Esta exclamación me hizo recordar que el profesor Lidenbrock era también bibliómano en sus ratos de ocio; pero un volumen no tenía mérito a sus ojos si no era imposible de encontrar o, por lo menos, ilegible.

—Pero ¿no ves? —me dijo—. Es un tesoro inestimable que he encontrado esta mañana rebuscando en la tienda del judío Hevelius.

—¡Magnífico! —respondí con un entusiasmo fingido.

¿A qué tanto ruido por un viejo libro en cuarto cuyo lomo y cubiertas parecían hechos de una piel basta, un libraco amarillento del cual colgaba un papelillo descolorido?

Sin embargo, las exclamaciones de admiración del profesor no se interrumpían.

—Mira —decía preguntando y contestándose a sí mismo—; ¿es hermoso? ¡Sí, es admirable! ¡Qué encuadernación! ¿Se abre este libro fácilmente? ¡Sí, porque se queda abierto en cualquier página! ¿Y se cierra bien? ¡Sí, porque la cubierta y las hojas forman un conjunto tan unido que no se separan ni entreabren en ninguna parte! ¡Y este lomo, que no tiene ni una rozadura después de setecientos años de existencia! ¡Esta es una encuadernación de la cual Bozerian, Closs o Purgold se sentirían orgullosos!

Al hablar de esta manera, mi tío abría y cerraba sucesivamente el libraco. Lo menos que podía hacer yo era interrogarle sobre su contenido, aunque éste no me interesase nada.

—¿Y cuál es el título de este volumen maravilloso? —pregunté con un entusiasmo demasiado grande para no ser fingido.

—¡Esta obra! —respondió mi tío animándose—, ¡es el Heims-Krigla, de Snorre Turleson, el famoso autor islandés del siglo doce! ¡Es la crónica de los príncipes noruegos que reinaron en Islandia!

—¡Es verdad! —exclamé lo mejor que pude—. ¿Y es, sin duda, una traducción en alemán?

—¡No! —replicó vivamente el profesor—. ¡Una traducción!
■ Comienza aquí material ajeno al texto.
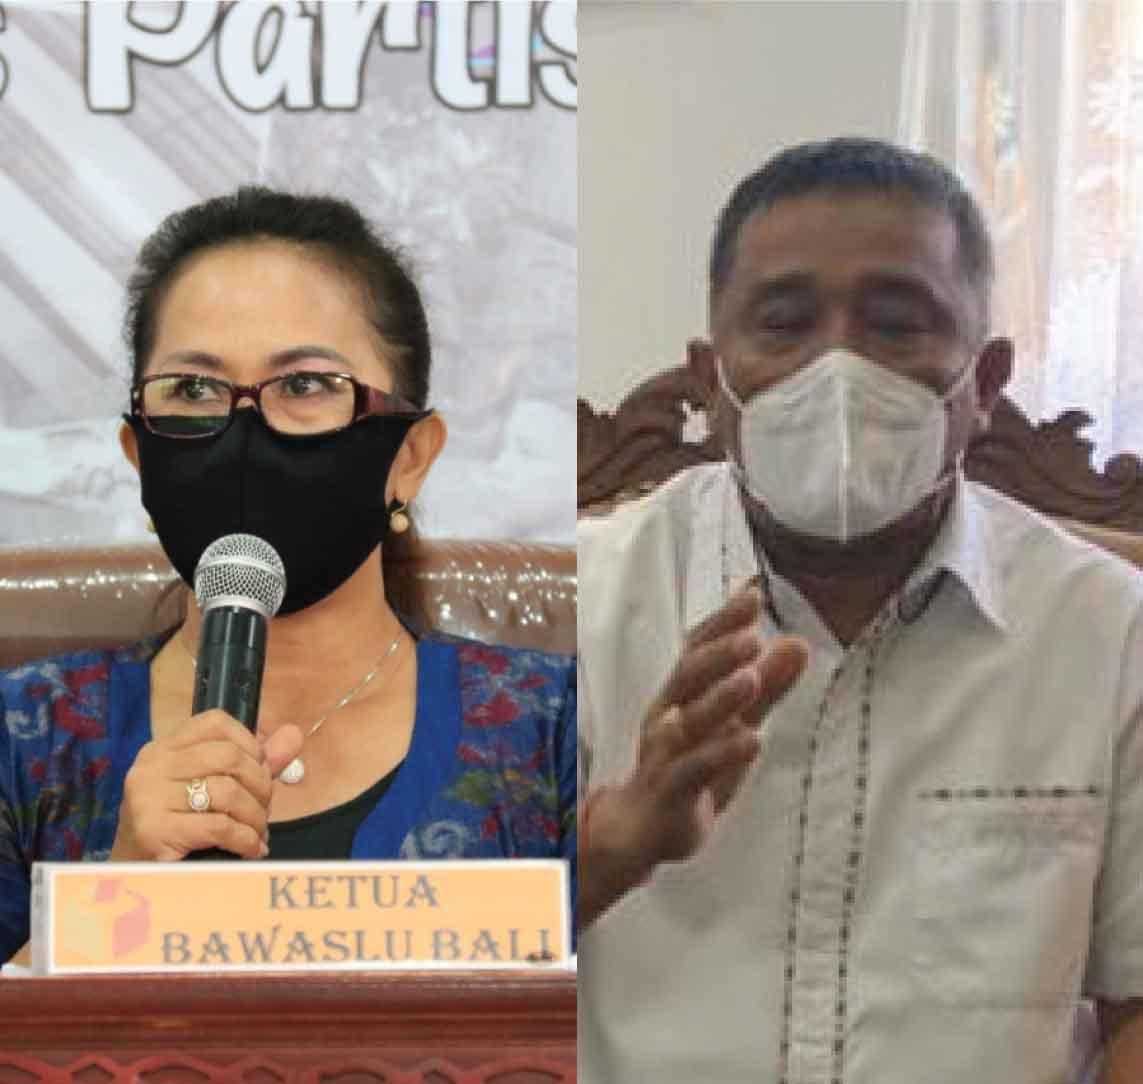 Ketut Ariyani dan Lidartawan. Foto: hen

Y ¿qué haría yo con una traducción? ¿A quién le importa tu traducción? ¡Ésta es una obra original en lengua islandesa, idioma magnífico, rico y sencillo a la vez, que autoriza las más variadas combinaciones gramaticales y numerosas modificaciones en las palabras!

—Como el alemán —insinué con bastante alegría.

—¡Sí —contestó mi tío alzando los hombros—, pero con la diferencia de que la lengua islandesa admite los tres géneros, como el griego, y declina los nombres propios como el latín!

—¡Ah! —dije un poco sacudido en mi indiferencia—, ¿y los caracteres de este libro son hermosos?

—¡Los caracteres! ¿Quién te habla de caracteres, desdichado Axel? ¡No se trata de caracteres! ¡Lo tomas por un impreso! Pero, ignorante, ¡si es un manuscrito, y un manuscrito rúnico!...

—¿Rúnico?

—¡Sí! ¿Me vas a pedir ahora la explicación de esta palabra?

—¡Me guardaré mucho! —contesté con el acento de un hombre herido en su amor propio.

Pero mi tío prosiguió sin inmutarse y me instruyó, a pesar mío, de cosas que no tenía ningún interés en saber.

—Las runas —continuó— eran unos caracteres de escritura usados antiguamente en Islandia y, según la tradición, fueron inventados por el mismo Odin. Pero mira, ¡admira, impío, estos trazos que han salido de la imaginación de un dios!

Falto de réplica, iba a doblegarme, género de respuesta que debe halagar a los dioses, como a los reyes, pues tiene la ventaja de no inquietar a nadie, cuando un incidente vino a cambiar el curso de la conversación.

Fue la aparición de un pergamino mugriento, que se escurrió del libraco y cayó al suelo.

Mi tío se precipitó sobre aquel objeto con una ansiedad fácil de comprender. Un documento antiguo encerrado, desde tiempo inmemorial en un libro viejo, no podía carecer de un gran mérito ante sus ojos.

—¿Qué es esto? —exclamó.

Y al mismo tiempo desplegaba cuidadosamente encima de su mesa un trozo de pergamino de cinco pulgadas de largo y tres de ancho, sobre el cual se extendían, en líneas transversales, los caracteres de aquel galimatías.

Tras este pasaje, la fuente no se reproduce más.